“Make it rain”, said the tweet posted by one of the handful of young founders who had been selected for the Lightning Lab accelerator programme in 2014. The accompanying image showed a bright spotlight shining through the silhouettes of a group of people standing on a stage.1 I had an immediate visceral reaction.
It was innocently intended to promote the upcoming “demo day” event that marked the end of the second iteration of that programme, run by CreativeHQ in Wellington. I imagine the photo was taken at the venue as the founders rehearsed their pitches. Getting on stage so soon after starting a new venture is incredibly brave, and they would have no doubt been buzzing with nervous excitement. So why was my response so negative?
Perhaps it was jet lag. I’d recently returned from a long trip to the US and Canada with Vaughan. I was deep in Vend, which had quickly soaked up all my time. I was learning all over again the stamina that a high-growth startup demands. No doubt it was partly frustration. I hated to see what I perceived to be the worst bits of Silicon Valley startup culture popping up in New Zealand, without any of the associated things that make the original great. After trying (and mostly failing) to “be more American”, meeting with investors in the US had taught me the value of highlighting our own competitive advantages. A small part of it was probably envy. I knew a long list of other worthy startups that would have loved to get even a fraction of the public attention that the Lightning Lab was soaking up. But mostly I just hated that metaphor. It was awful to see the founders who had completed this programme put on a pedestal so early, and then encouraged to parade like strippers asking a room full of investors to throw money at them. And it was discouraging, as a potential investor, to be commoditised and reduced to the equivalent of a stack of hundred dollar bills. It all felt gross.

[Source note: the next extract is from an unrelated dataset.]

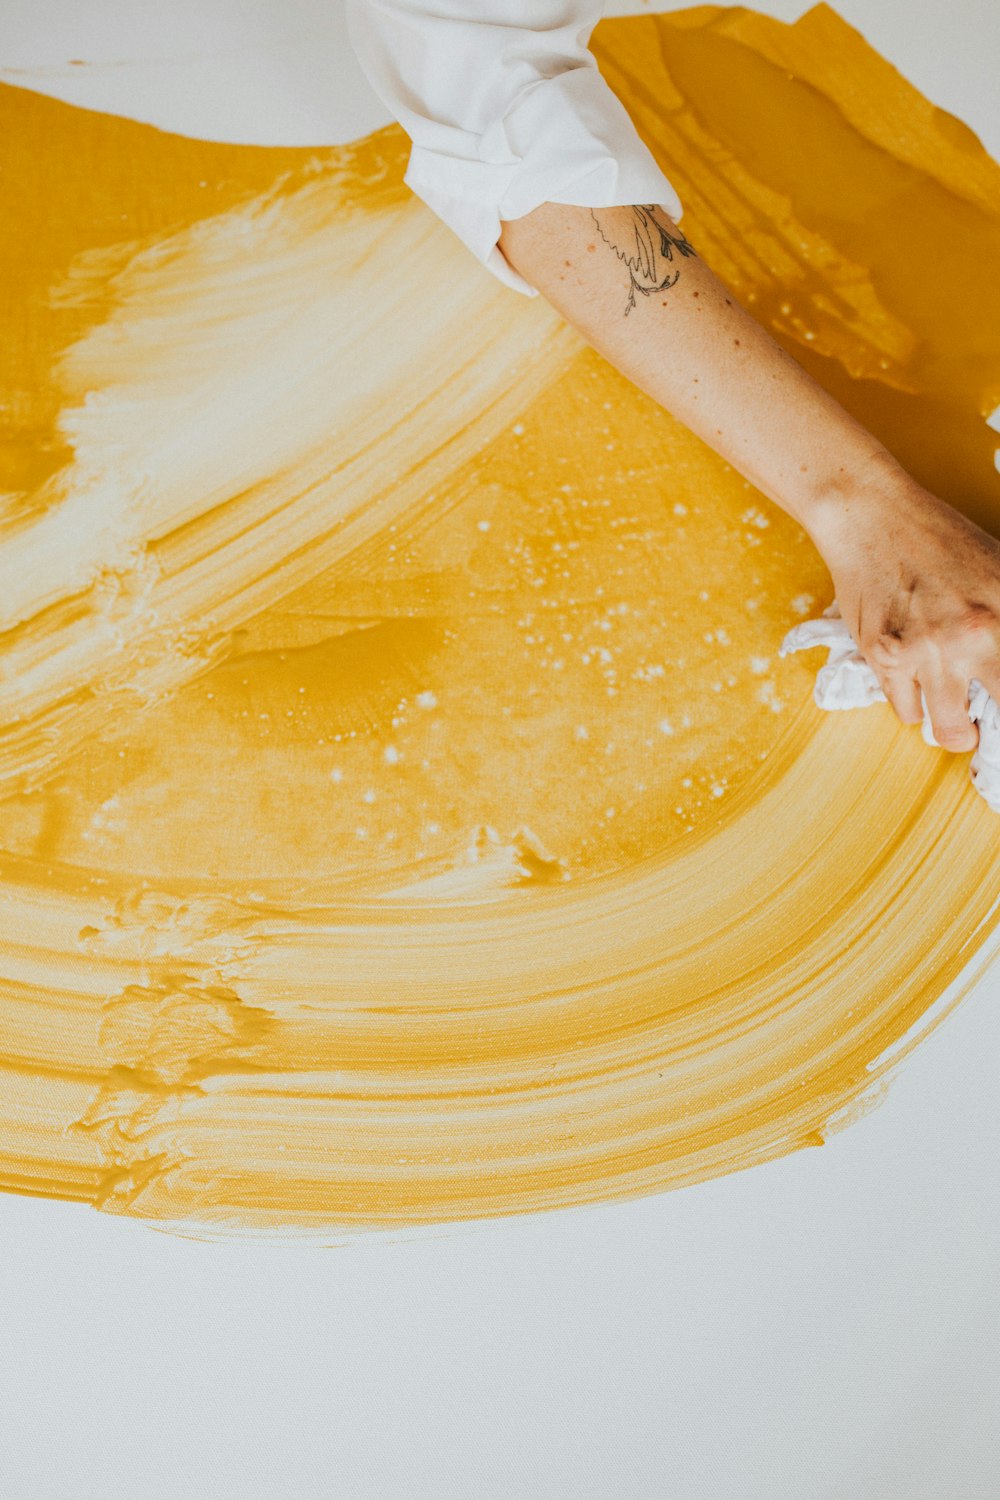 a person is painting a yellow piece of art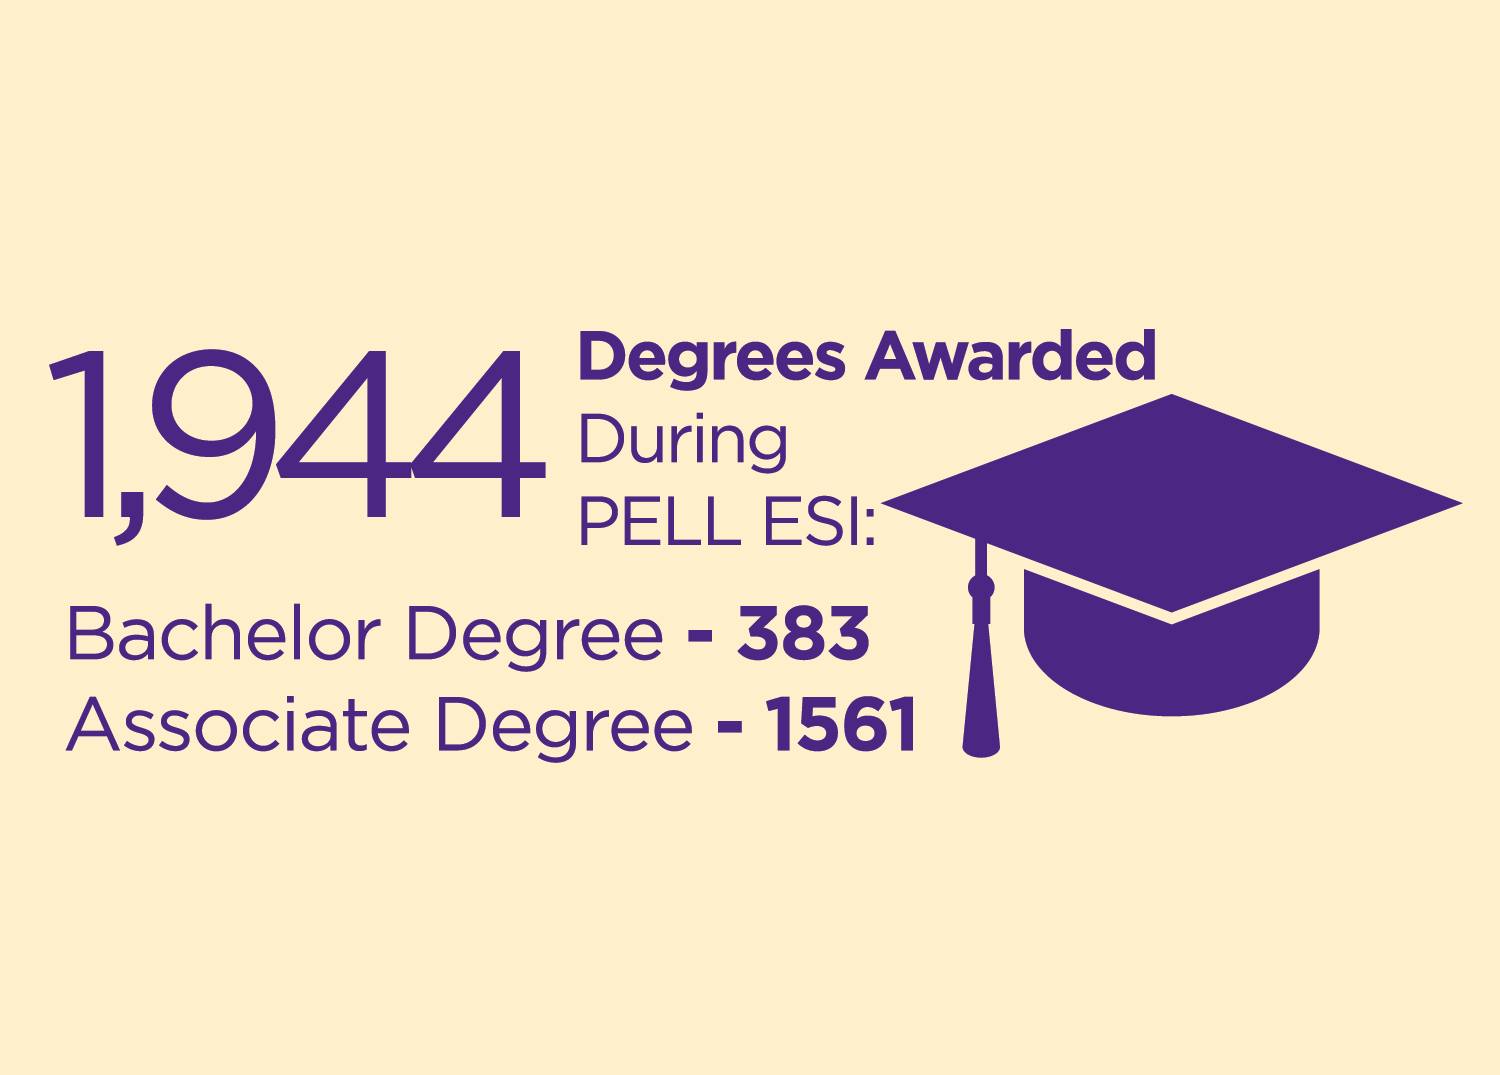 1,944 degrees awarded during PELL ESI (383 Bachlor and 1,561 Associate)

I posted a response where I suggested that the mentors who were advising founders to approach investors in this way were “naive and wrong”. One who (reasonably enough) took offence at that description was Dave Moskovitz. He snapped back in comments on the NZ Tech Startup Eco-system Facebook group:2
It’s easy for Rowan Simpson to take pot-shots from the sidelines. He has no idea how many people slogged their guts out, both out front and behind the scenes, how many people have backed this effort over a number of years, just to help everyone lift their game and improve the general environment for startups in Wellington and NZ. I’ll pay more attention to what he says when I see more evidence of unselfish behaviour on his part.
Ouch! While it stung to be branded a hater, it did force me to articulate specifically what I didn’t like about the efforts to “lift the general environment”. I was being dismissive, but he was wrong about my motivation. I was playing the ball, not the man. I was very aware of how much time and money he and many others had put in. I wasn’t trying to belittle that. I just didn’t think it was a good investment. My criticism wasn’t intended to drag anybody down, but rather to shine a spotlight on an alternative.
I’d decided to put all of my “selfish” energy into working with a small and carefully selected group of founders to quietly help them to grow their businesses. I wasn’t visible, apart from when I popped up to make seemingly critical comments like this, but the results have subsequently justified the conviction I had about the merits of my approach.